Бычки были совсем молоденькими. Когда я с ними познакомился, они были особенно тощими: позади осталась голодная зима с буранами и морозами. Бычки жили зимой на отгонной ферме, где получали скупой паек сена — в утренних и вечерних сумерках огромного хлева. Днем они подкармливались на зимних пастбищах, где им приходилось отрывать корм из-под снега копытцами: сухую, лишенную витаминов, прошлогоднюю траву. И это было, конечно, нелегко.
Один бычок был рыжим с черным зеркальцем — так называется тупой конец бычьей морды, между верхней губой и носом. Этого бычка звали Цоб. Другой бычок был рыжий с белым зеркальцем, его звали Цобэ. Прожили они недолго — вскоре замерзли в буране. Я стал работать на других. Но и другие быки звались все так же: Цоб и Цобэ. Я бы назвал эти имена коллективными, потому что их носят миллионы быков не только в Казахстане, но и в других республиках. И связаны эти имена с рабочим названием быков. В любой упряжке бык Цобэ всегда идет справа, и, когда его окликают, он должен убыстрить шаг и повернуть всю упряжку влево. Бык Цоб идет слева и, когда окликают его, убыстряет шаг и поворачивает вправо. Управление быками осуществляется без вожжей — быки идут в ярме, давя на него грудью: голос возчика да кнут — вот и все нехитрое управление этой системой, насчитывающей многовековую историю.
Бывает, что помимо Цоб и Цобэ имеют некоторые быки еще индивидуальные имена. Но мои бычки таких имен не имели. Индивидуальные имена имеют, как правило, частные быки, то есть быки отдельных колхозников. А мои бычки принадлежали колхозу — то есть сразу всем и никому. Сегодня с ними работал я, завтра кто-нибудь другой, а послезавтра еще кто-то.
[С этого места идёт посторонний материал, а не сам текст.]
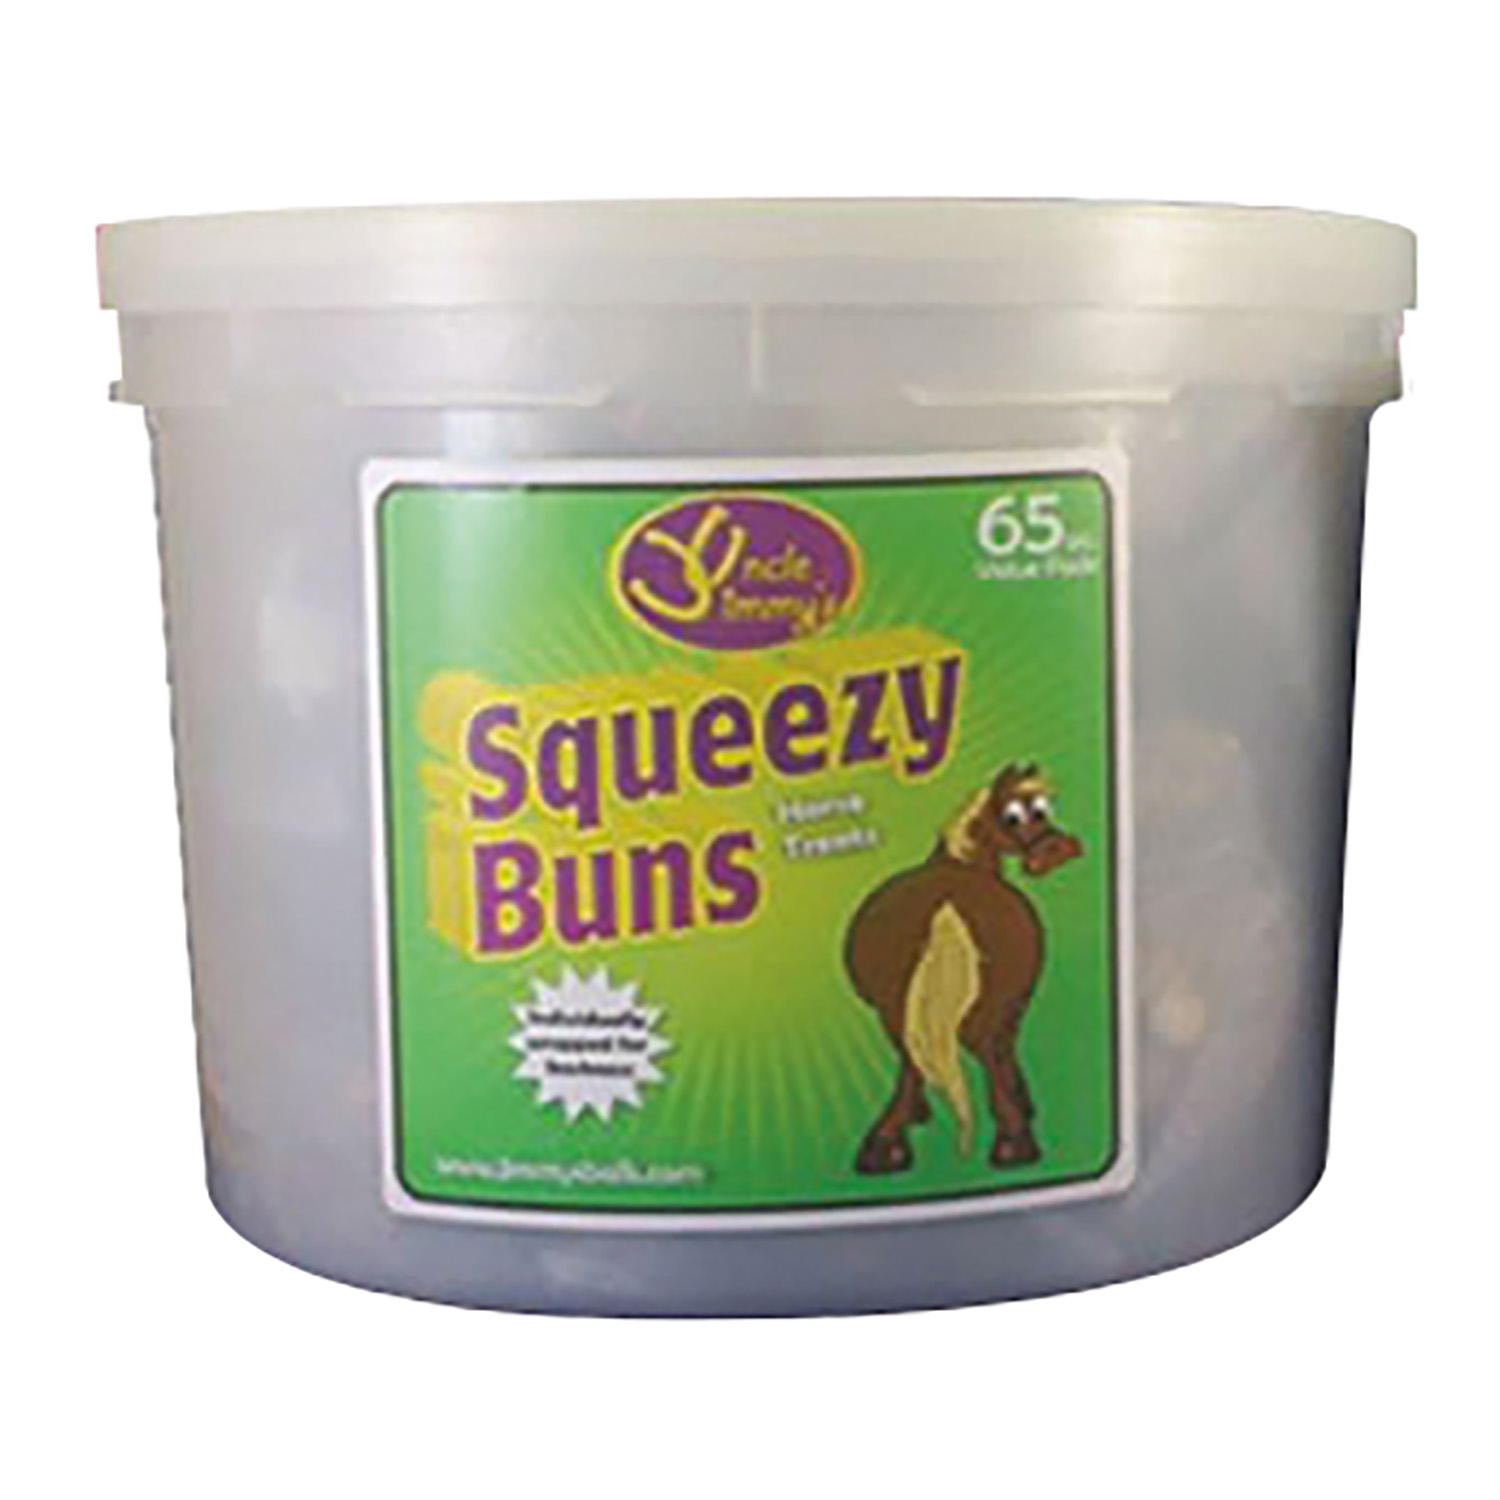 UNCLE JIMMYS SQUEEZY BUNS 65 PACK 65 PACK

Еще недавно — в стаде и на ферме, на попечении пастуха Семена — они были вообще безымянными. Кто дал им имена? Все тот же Барило! В один прекрасный майский день весь бригадный скот с утра пригнали к нему, как к некоему богу. Барило сидел верхом на лошади, с которой он никогда не слезал. Только дома или в конторе колхоза стоял он на собственных ногах или сидел на табуретке, скамье или кровати, хотя с удовольствием сидел бы и там на лошади. А в тот прекрасный день он сидел на лошади за деревней, на фоне Семиз-Бугу, — и смотрел на свое стадо, дымя цигаркой. Животные толпились перед ним — голов пятьдесят, — вдыхая жадными ноздрями влажный, еще пахнущий снегом весенний ветер и стреляя глазами по сторонам — норовя сорвать свежей зеленой травки. Пастух Семен кричал на них страшным голосом, хотя на самом деле был человеком добрым и ругался только для вида — пугал быков, и коров, чтобы не разбежались. Молоденькие бычки испуганно шарахались от него, мотали головами, по-детски взбрыкивали.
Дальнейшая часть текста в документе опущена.